-- What to do --
Every line from the first record below down to the line that includes "Låna 100 000 kr" must be reproduced exactly; the pictures are not.

Extracted records:

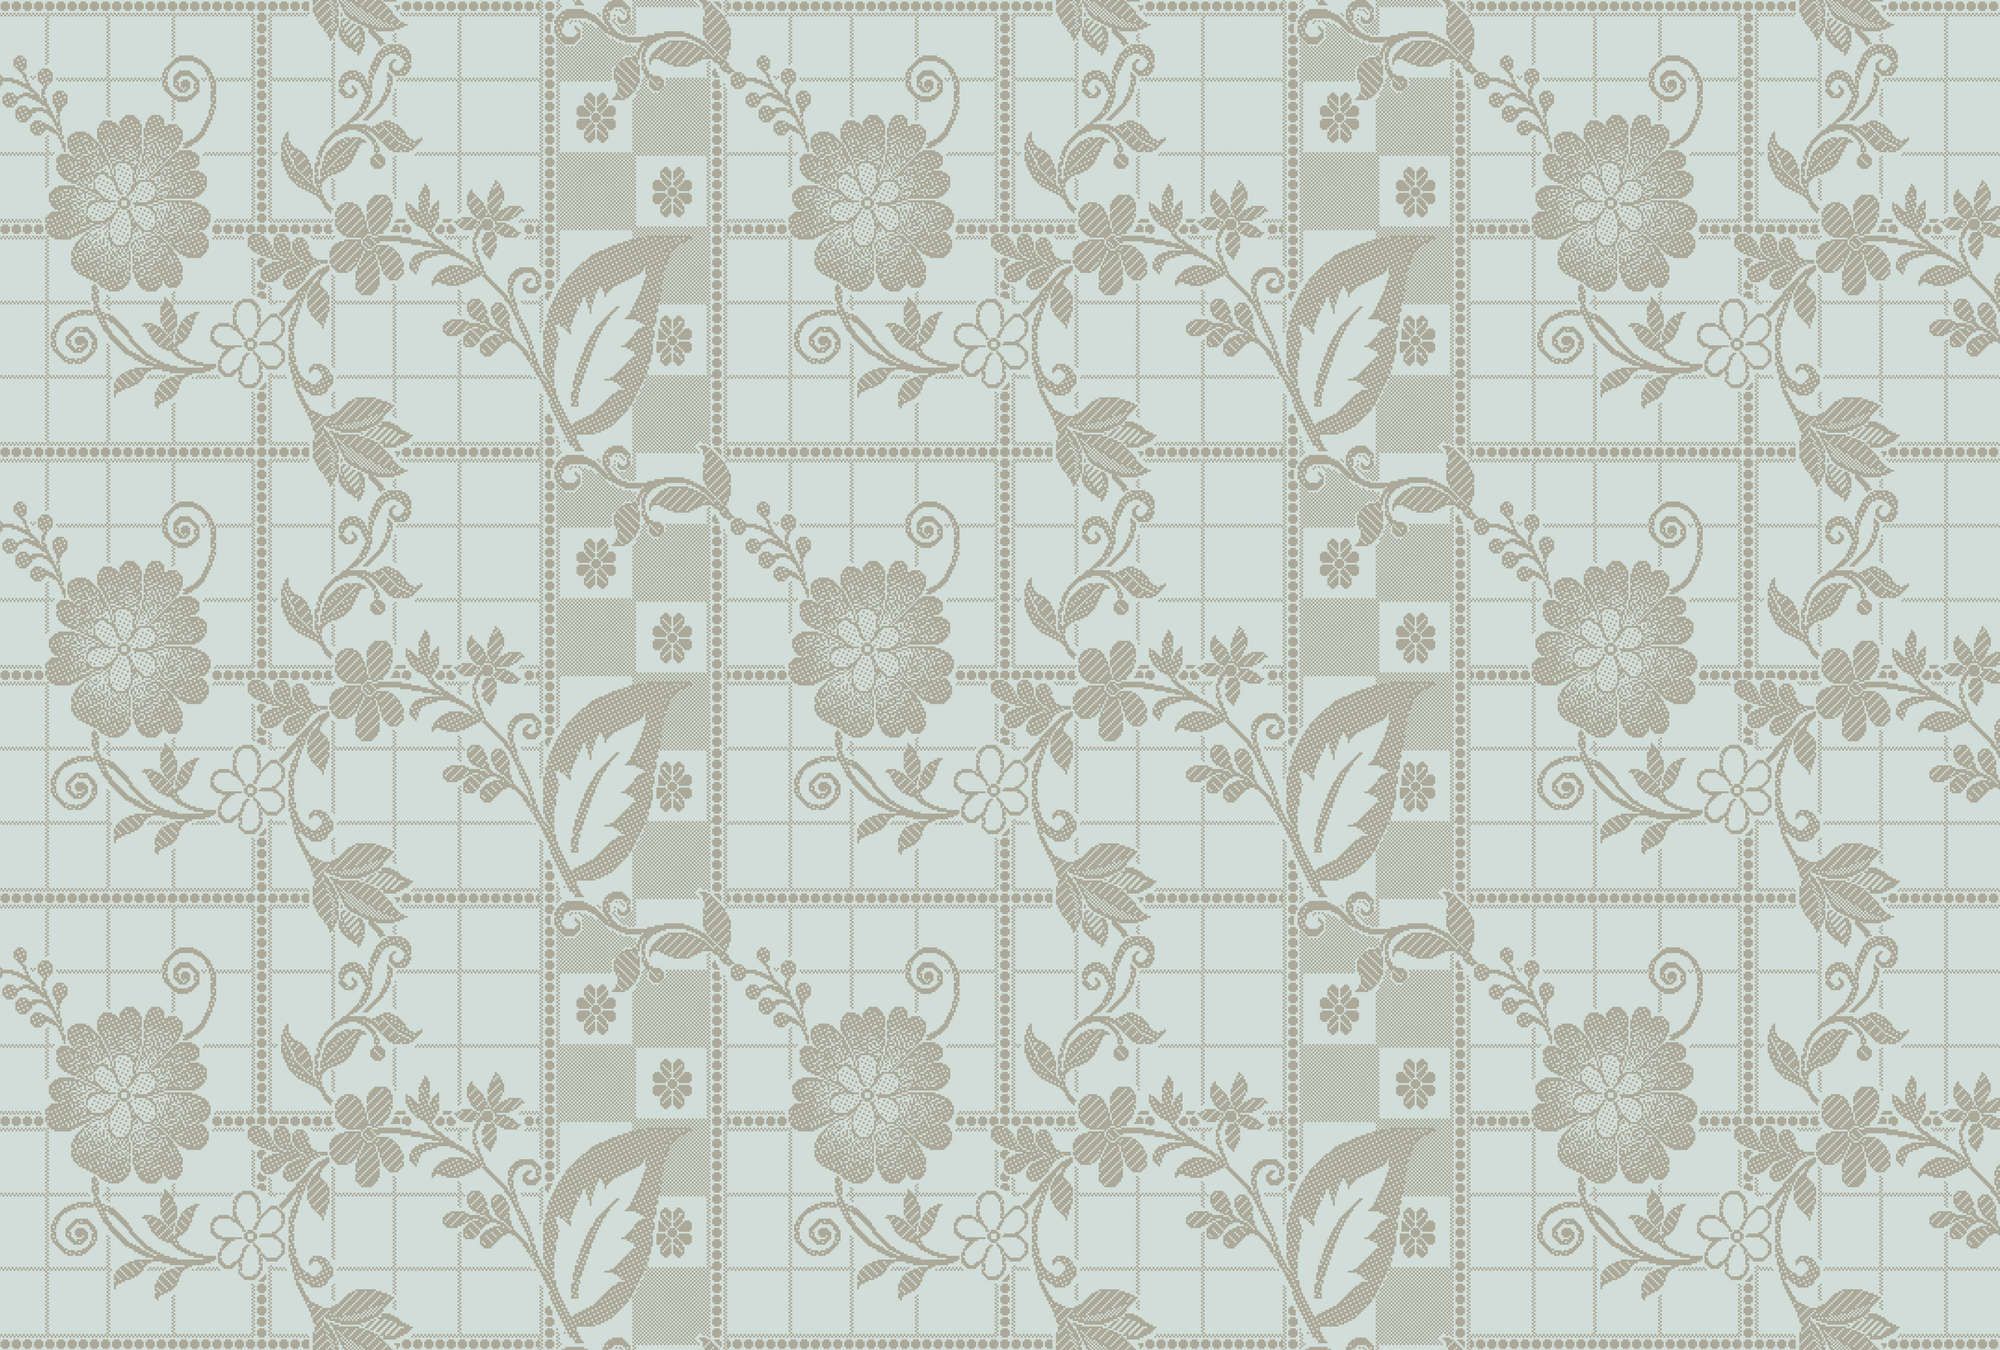             Fotomurali »valerie« - Piccoli quadrati a forma di pixel con fiori - Verde menta chiaro | Materiali non tessuto liscio e leggermente perlescente
        
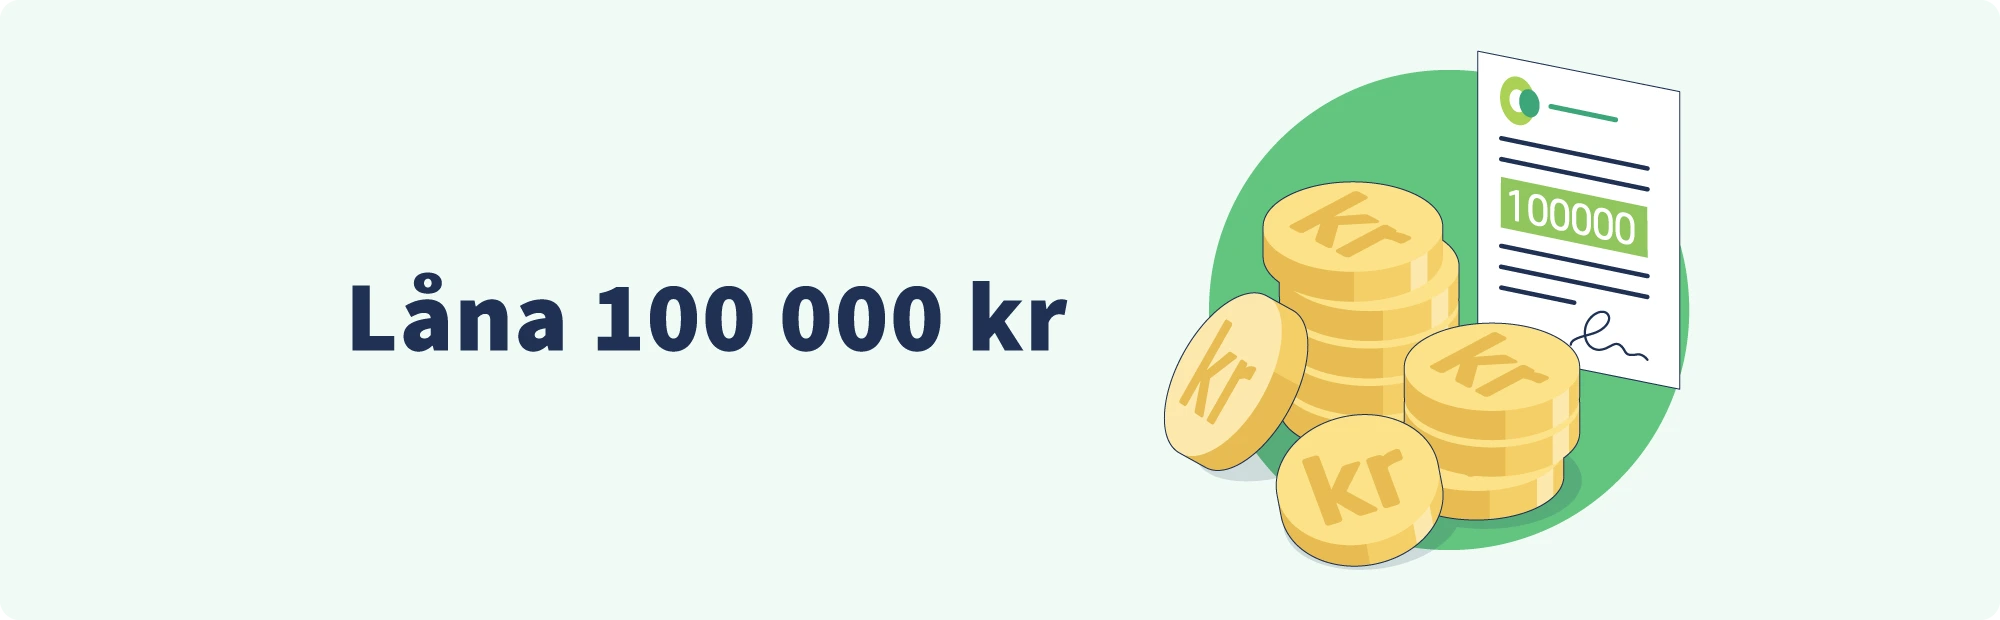 Låna 100 000 kr
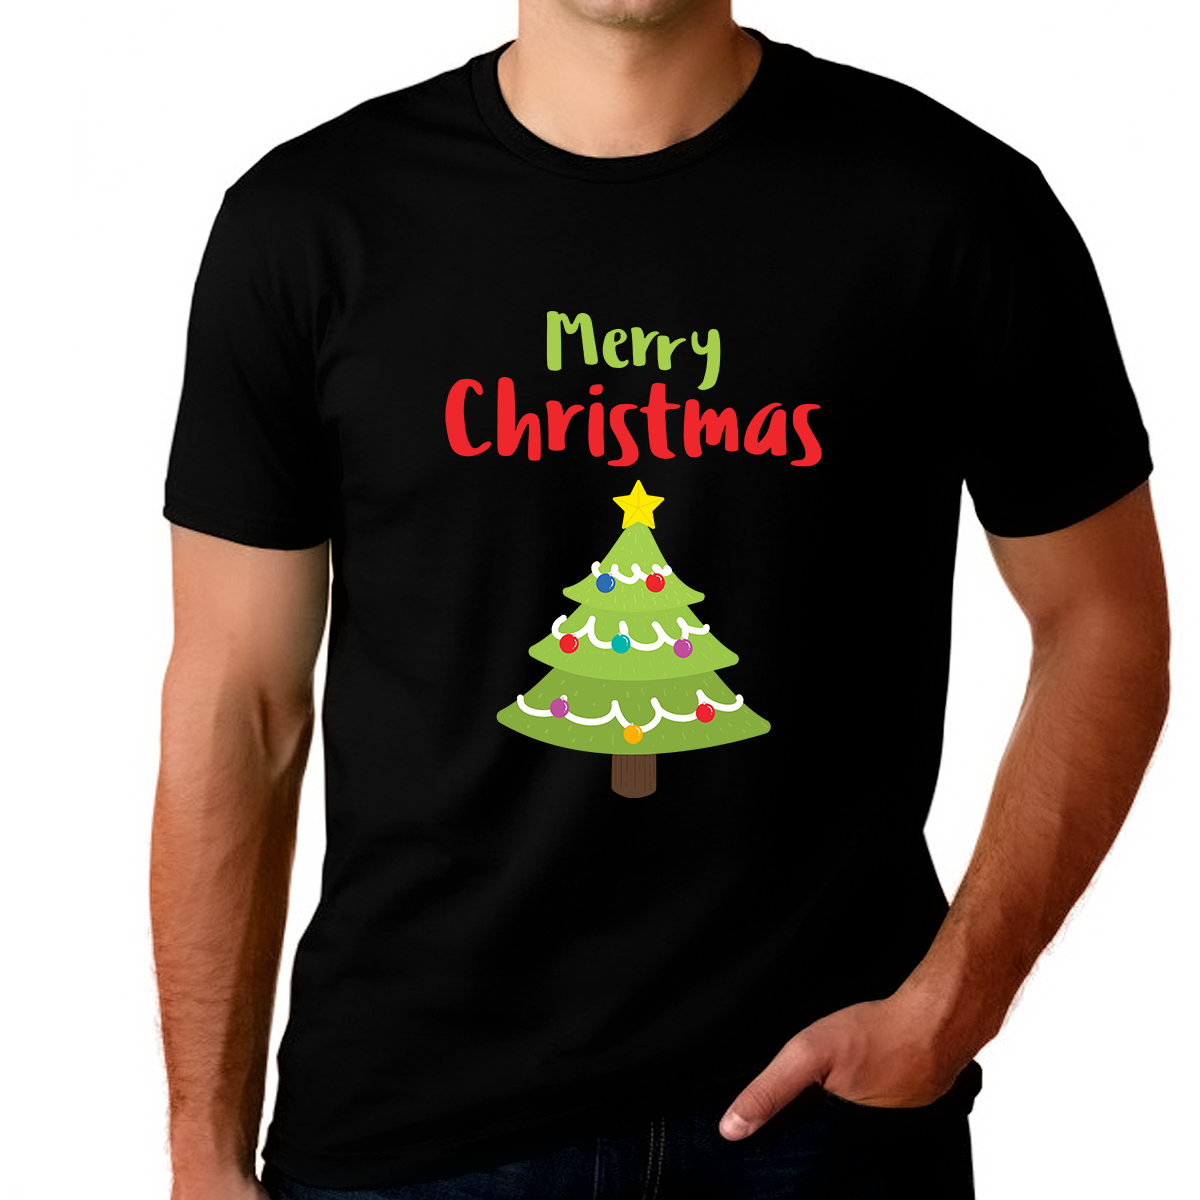 Christmas Tree Big and Tall Christmas Shirts for Men Plus Size Funny Christmas Shirt Mens Christmas Shirt
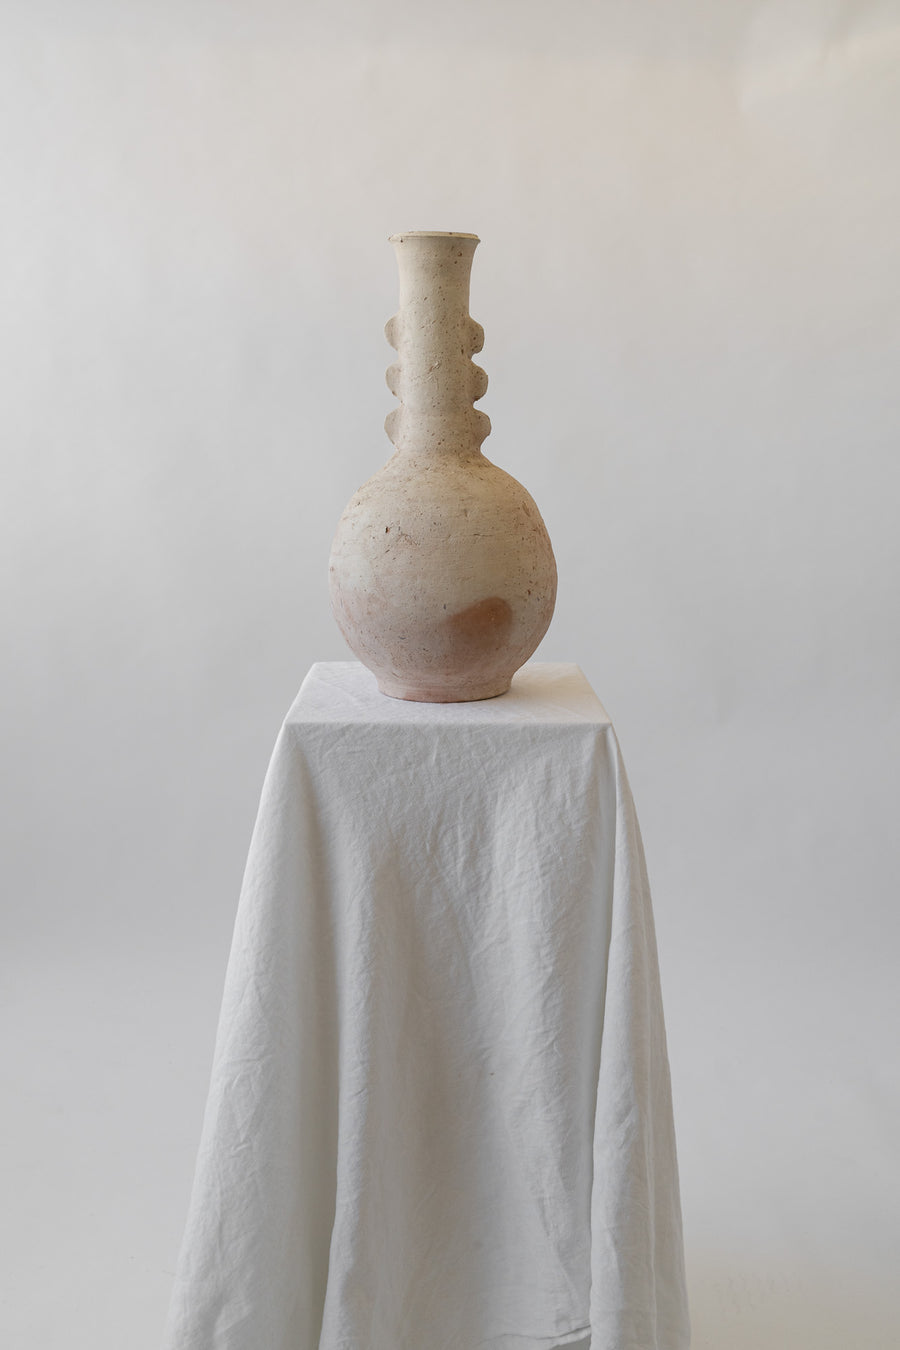 Terracotta Abstract Vase
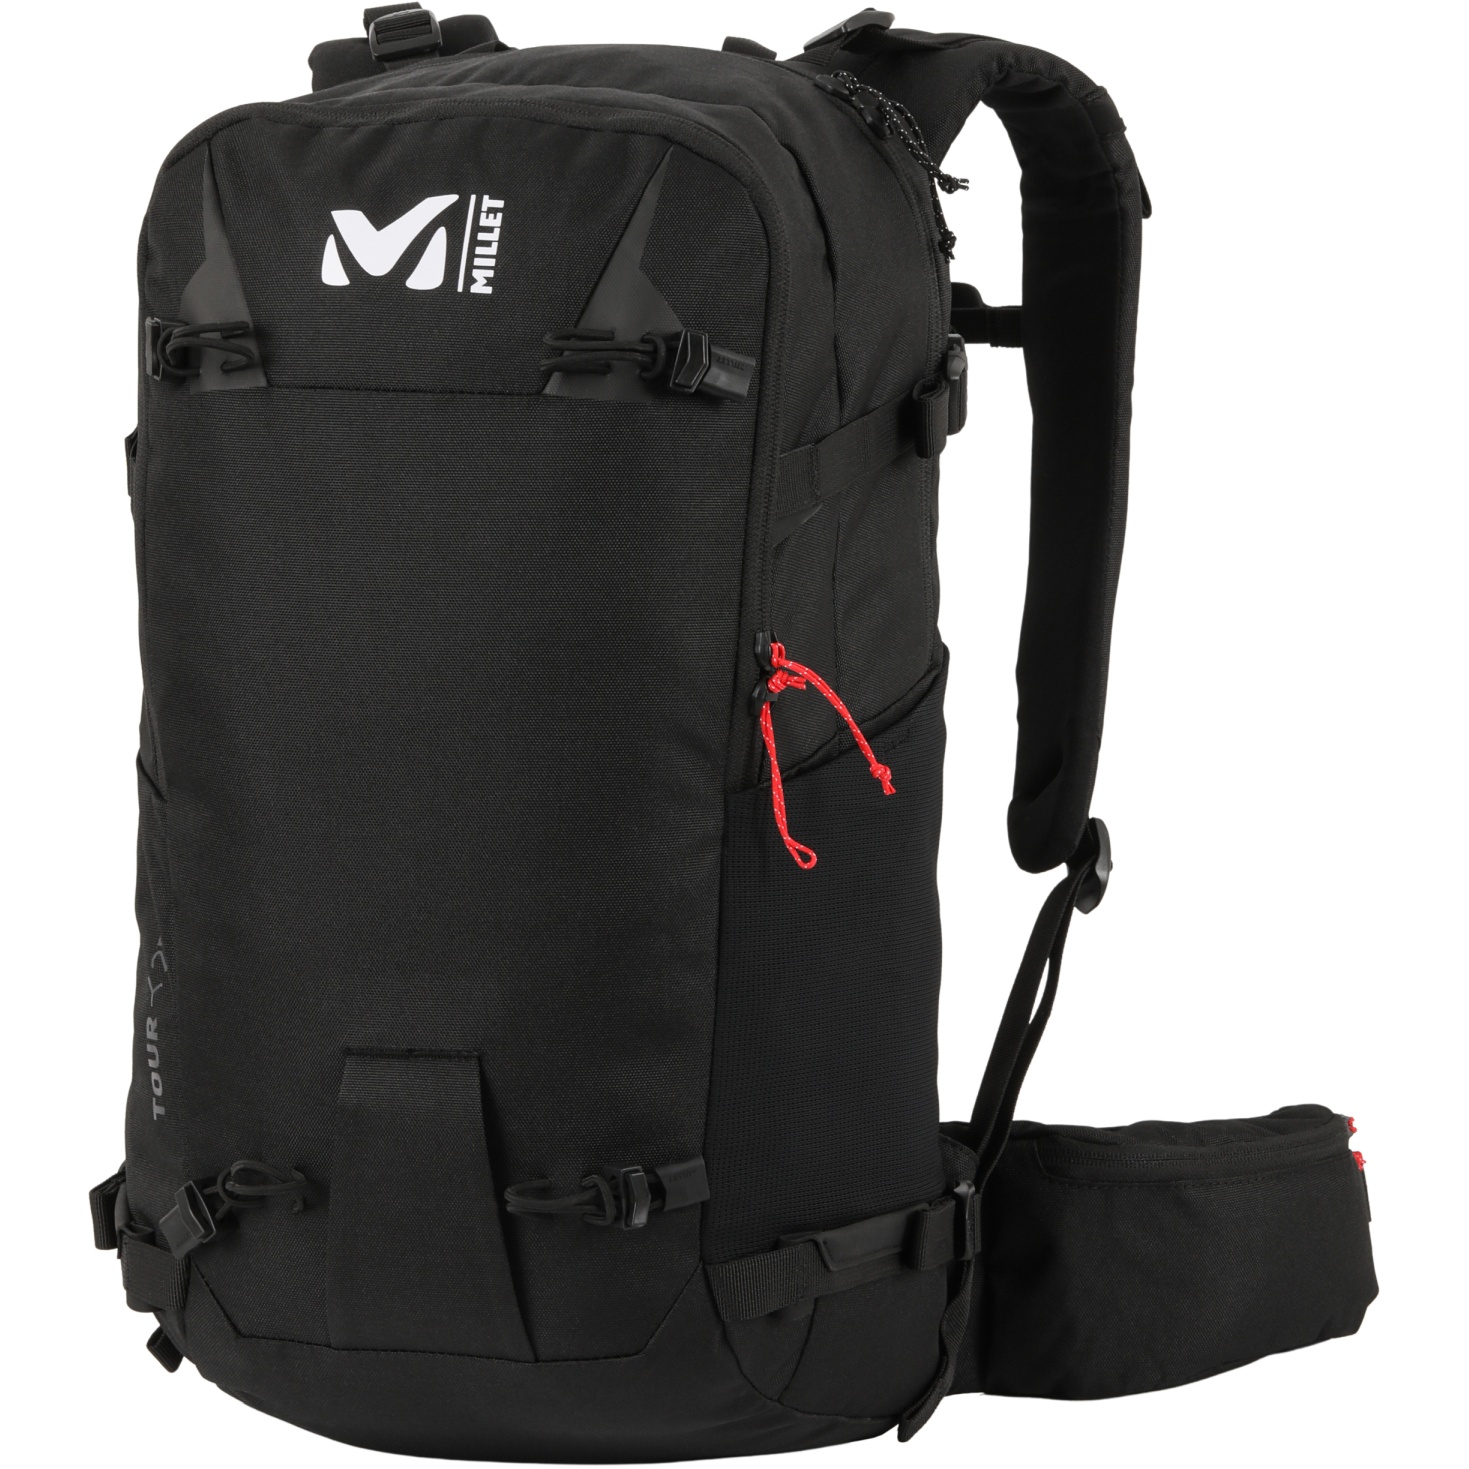 Picture of Millet Tour 25 Ski Backpack - Black

-- Solution for this task --
             Fotomurali »valerie« - Piccoli quadrati a forma di pixel con fiori - Verde menta chiaro | Materiali non tessuto liscio e leggermente perlescente
        
 Låna 100 000 kr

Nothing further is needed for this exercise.